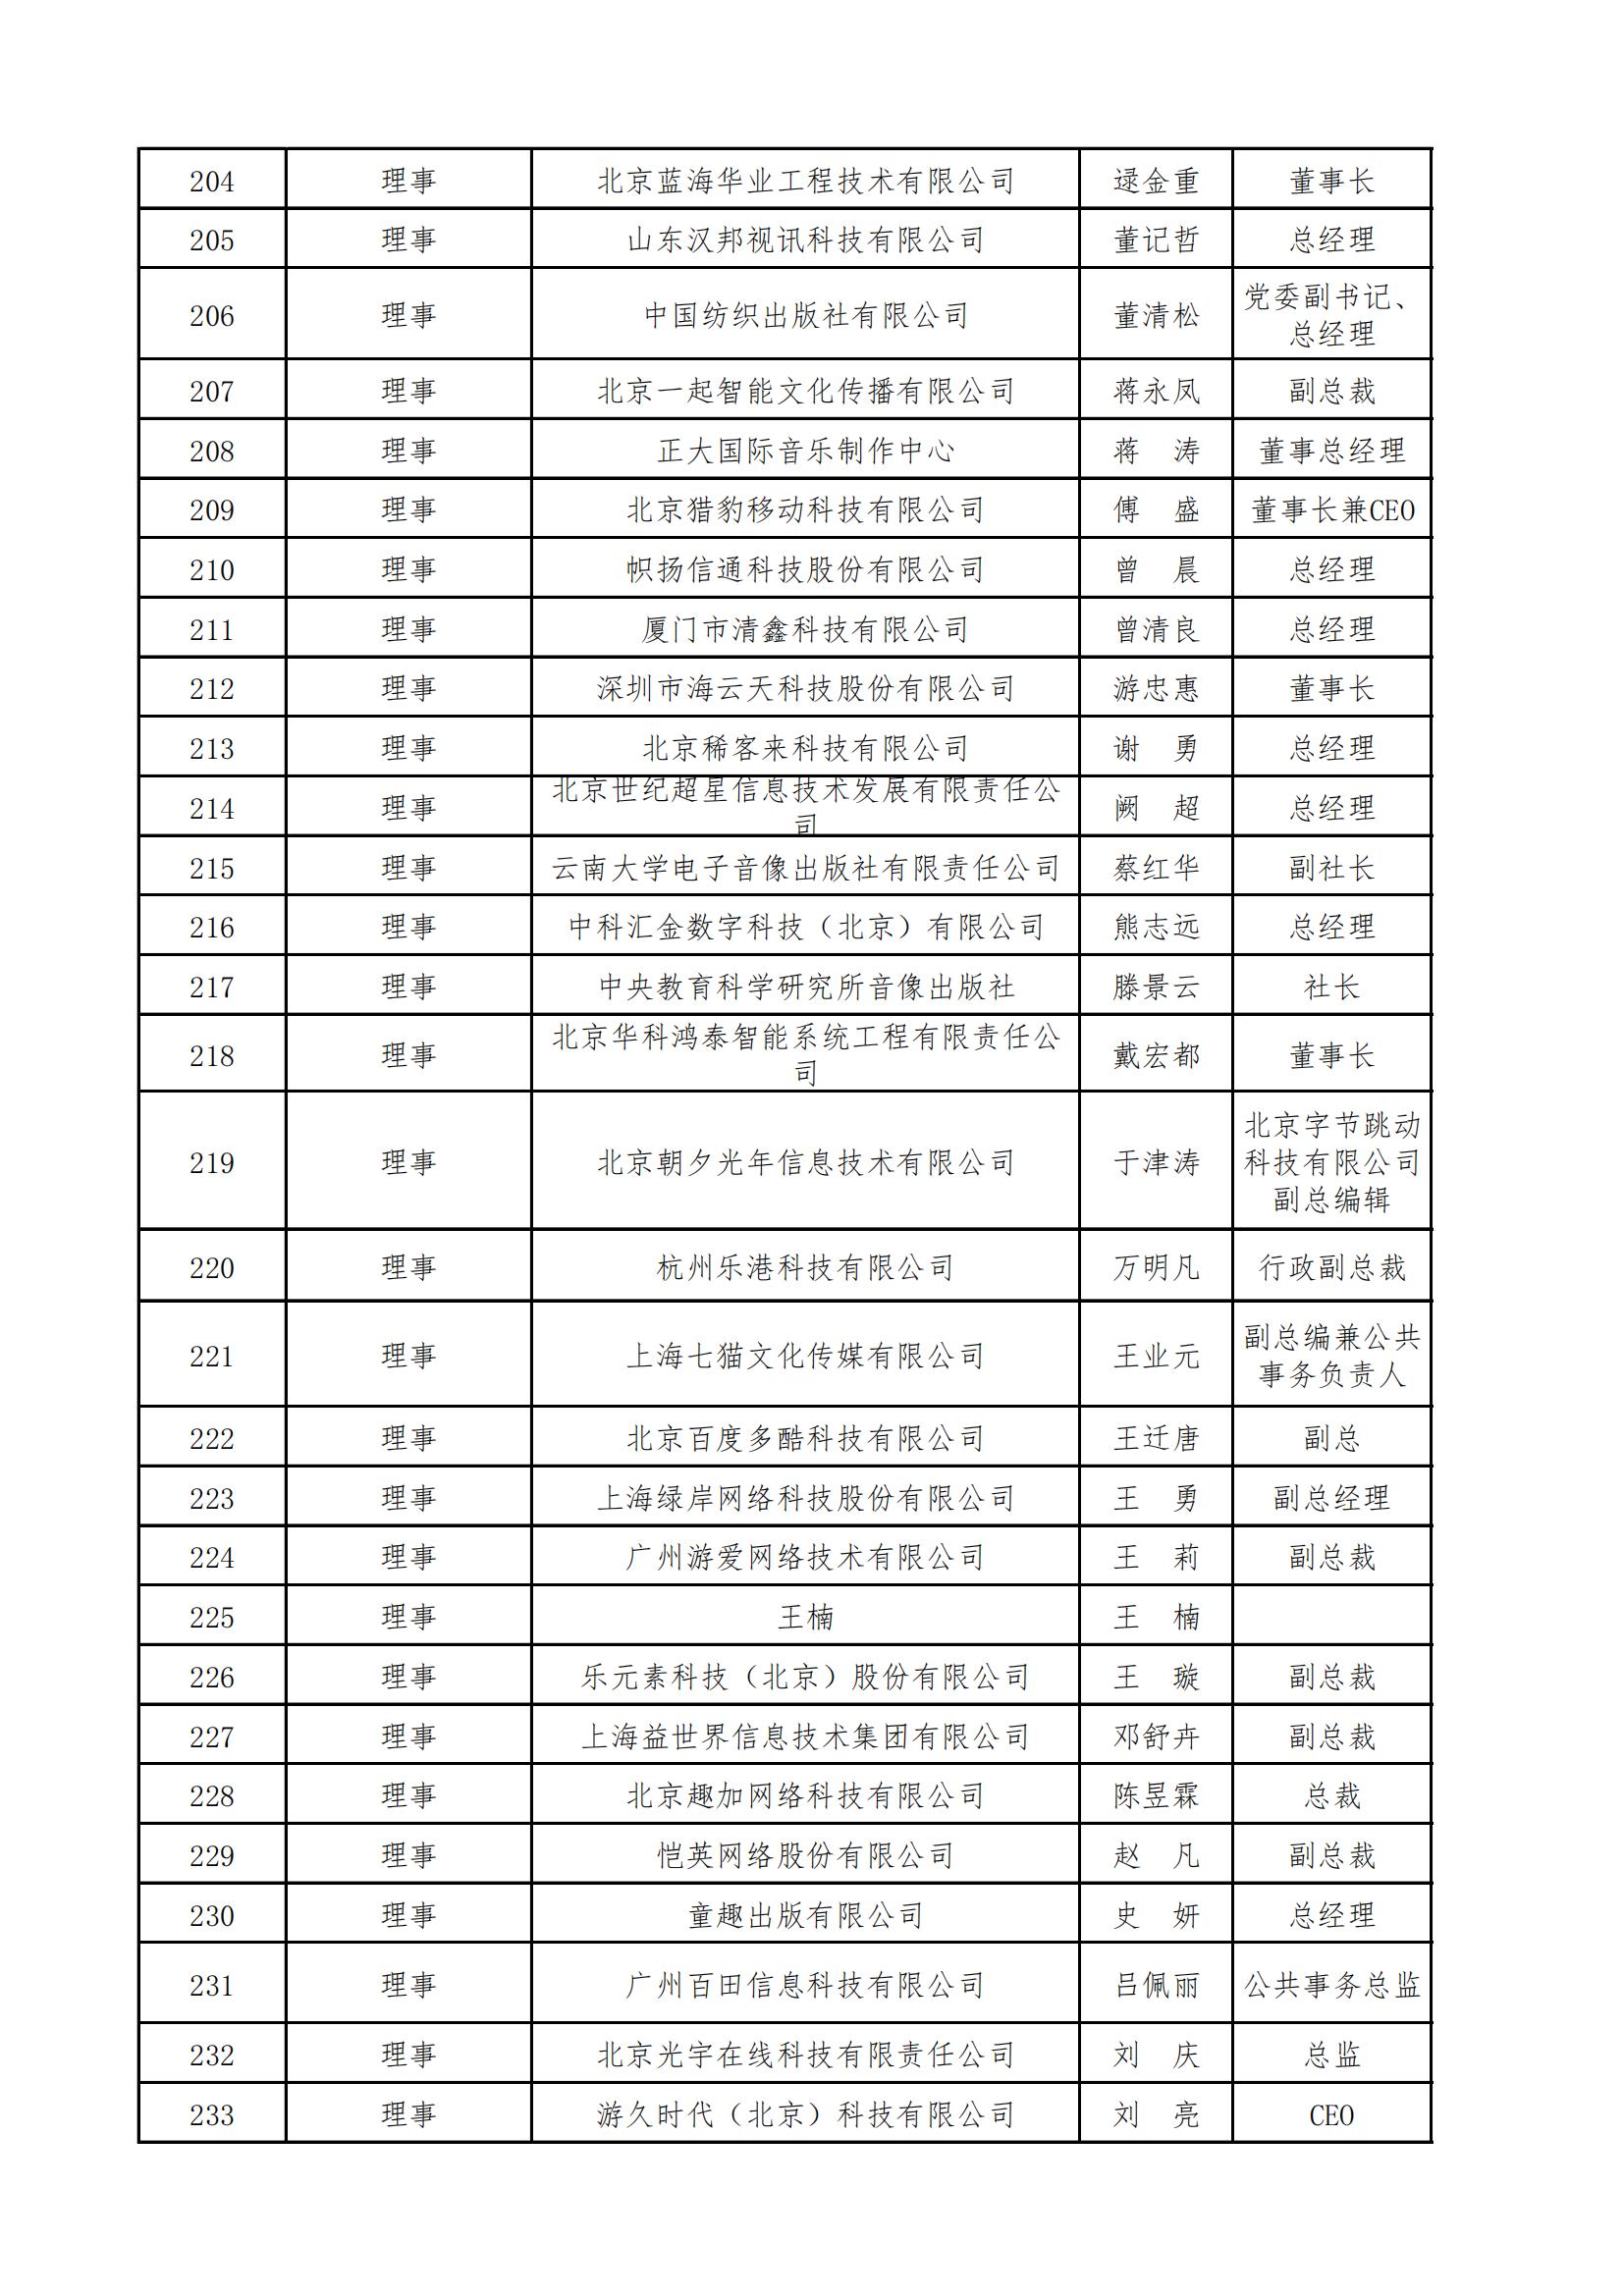 中國音像與數字出版協會第五屆理事會名錄_07.jpg
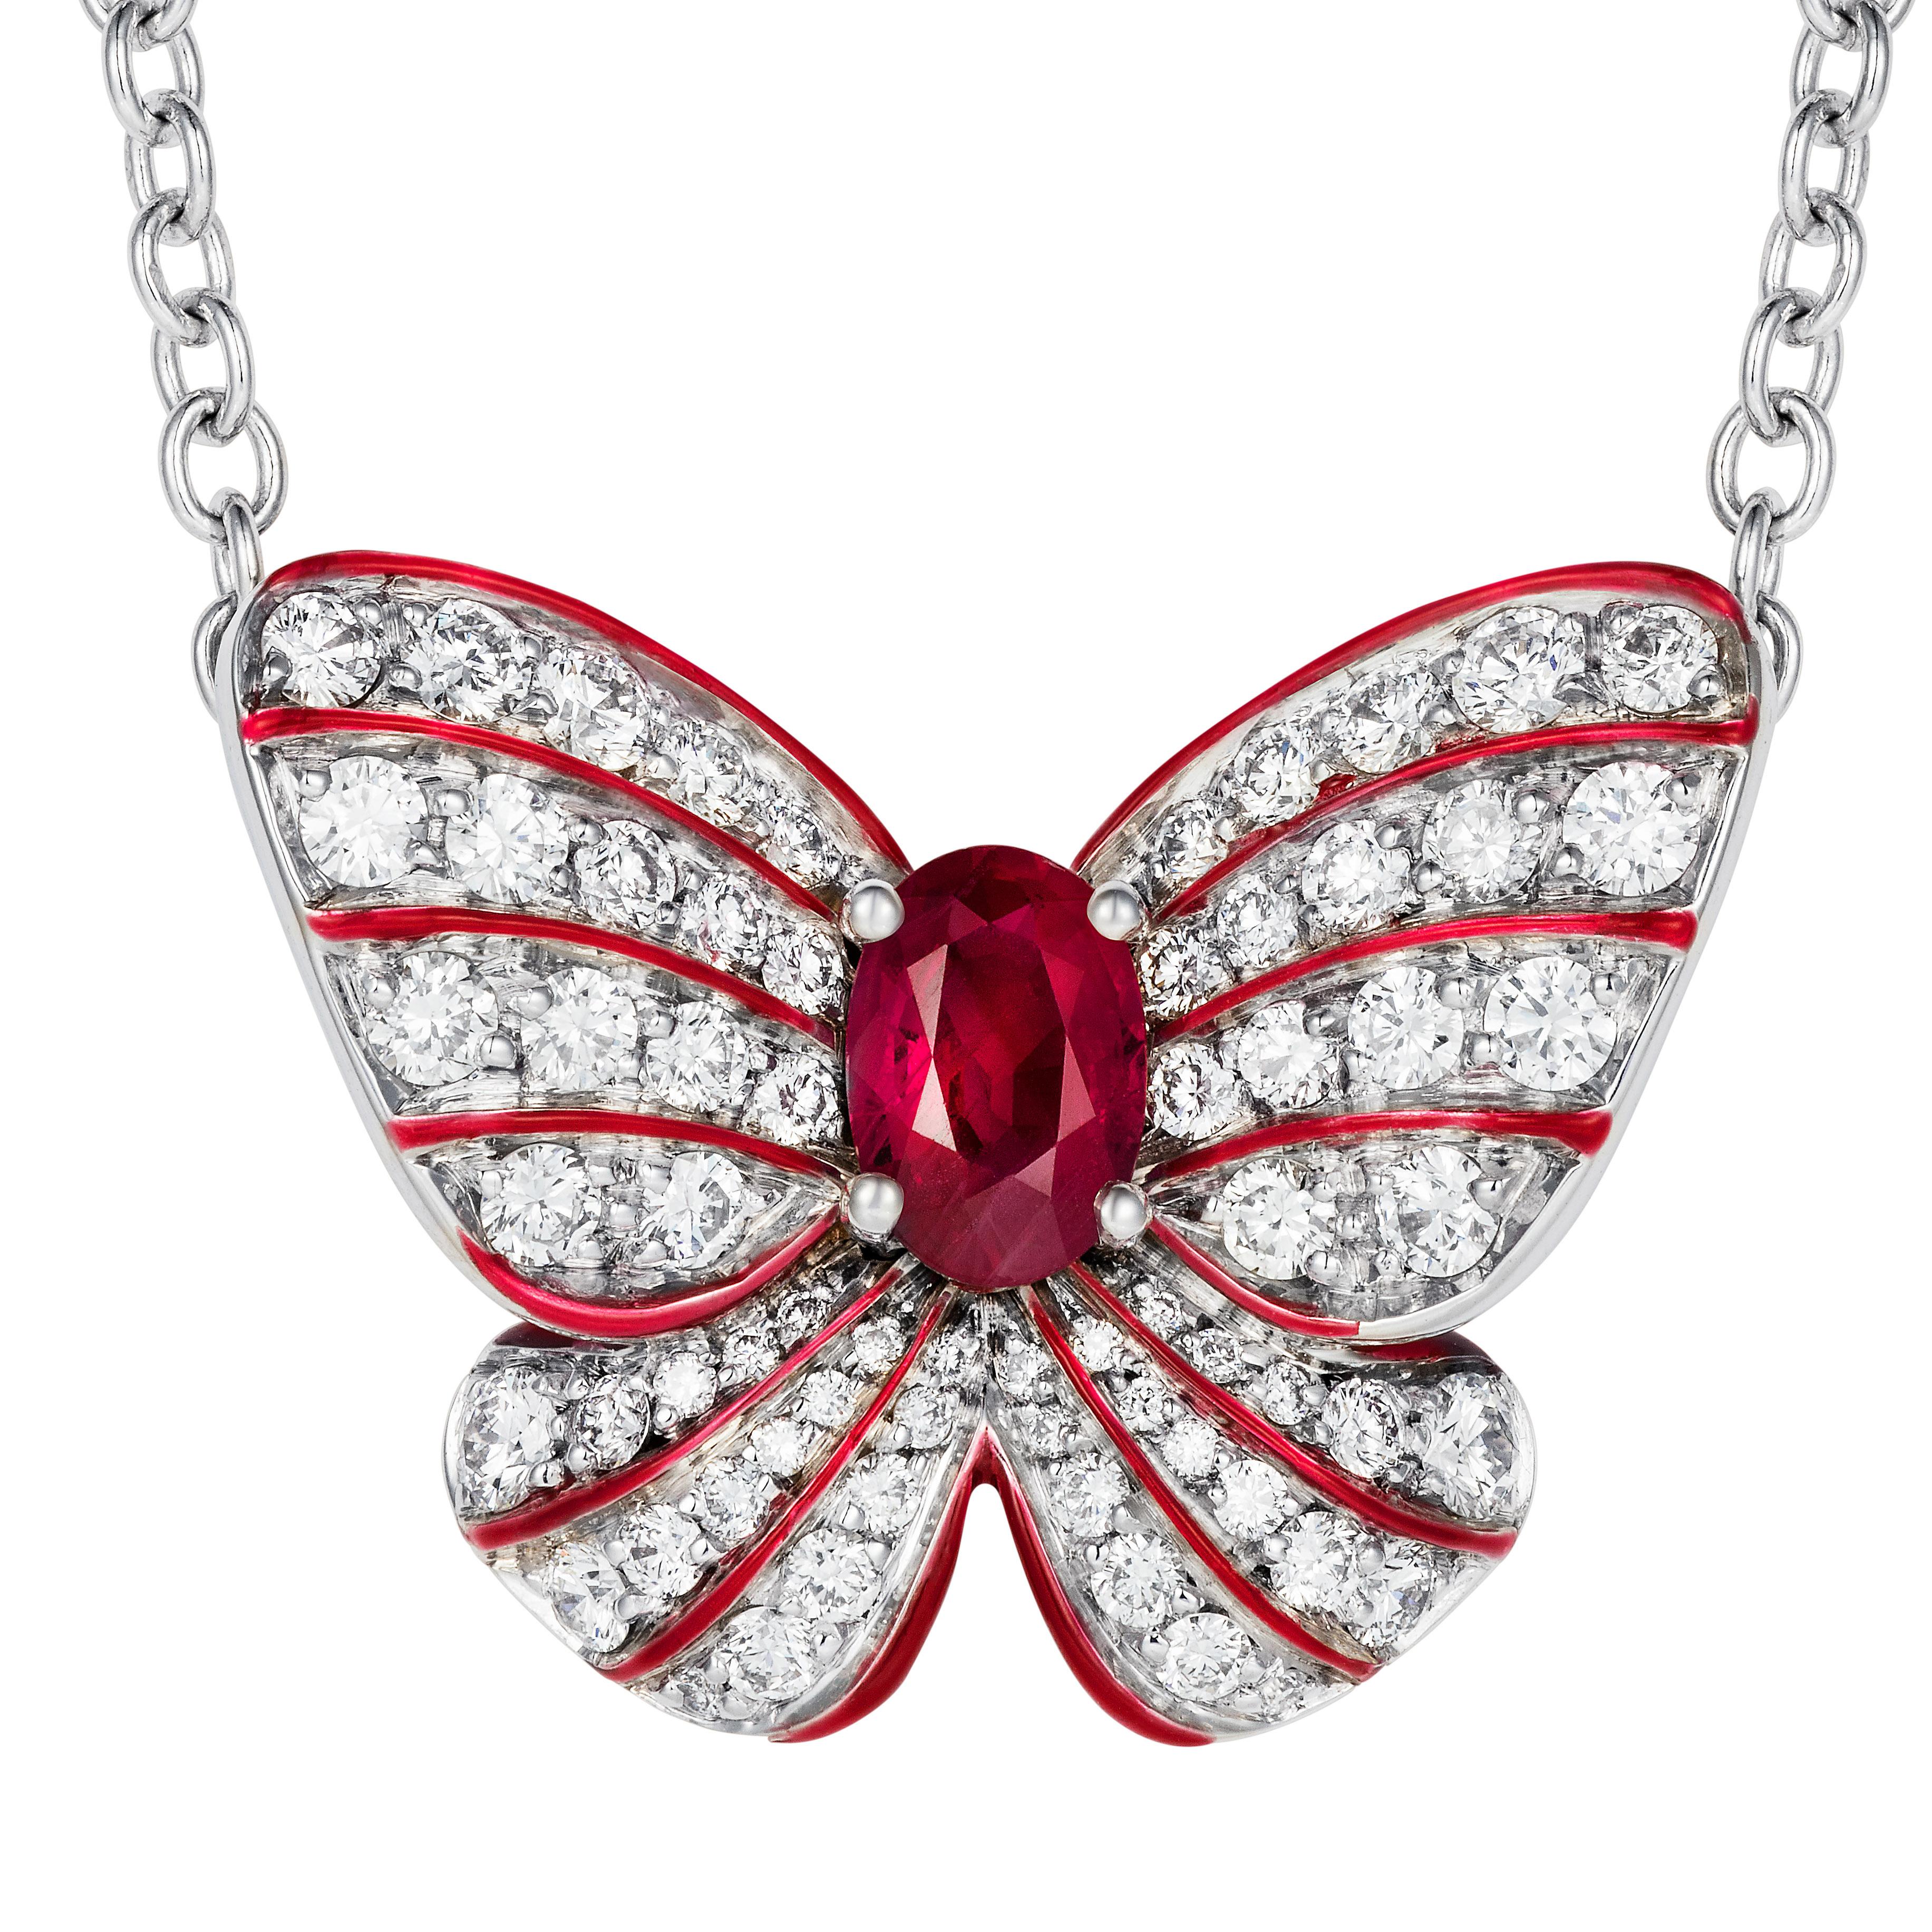 Un magnifique rubis est serti au cœur d'un pendentif papillon stylisé serti de diamants ronds avec de fines touches d'émail rouge.

- Rubis ovale de 0,50 carat
- 66 diamants blancs totalisant 0,73 carats
- Créée en or blanc 18 carats, faite à la

#### THE TASK:
Produce verbatim the lines starting at the one with "- 66 diamants blancs totalisant 0,73 carats" and ending at the last line of the material, both ends included. Add no other line.

#### EXERCISE RESPONSE:
- 66 diamants blancs totalisant 0,73 carats
- Créée en or blanc 18 carats, faite à la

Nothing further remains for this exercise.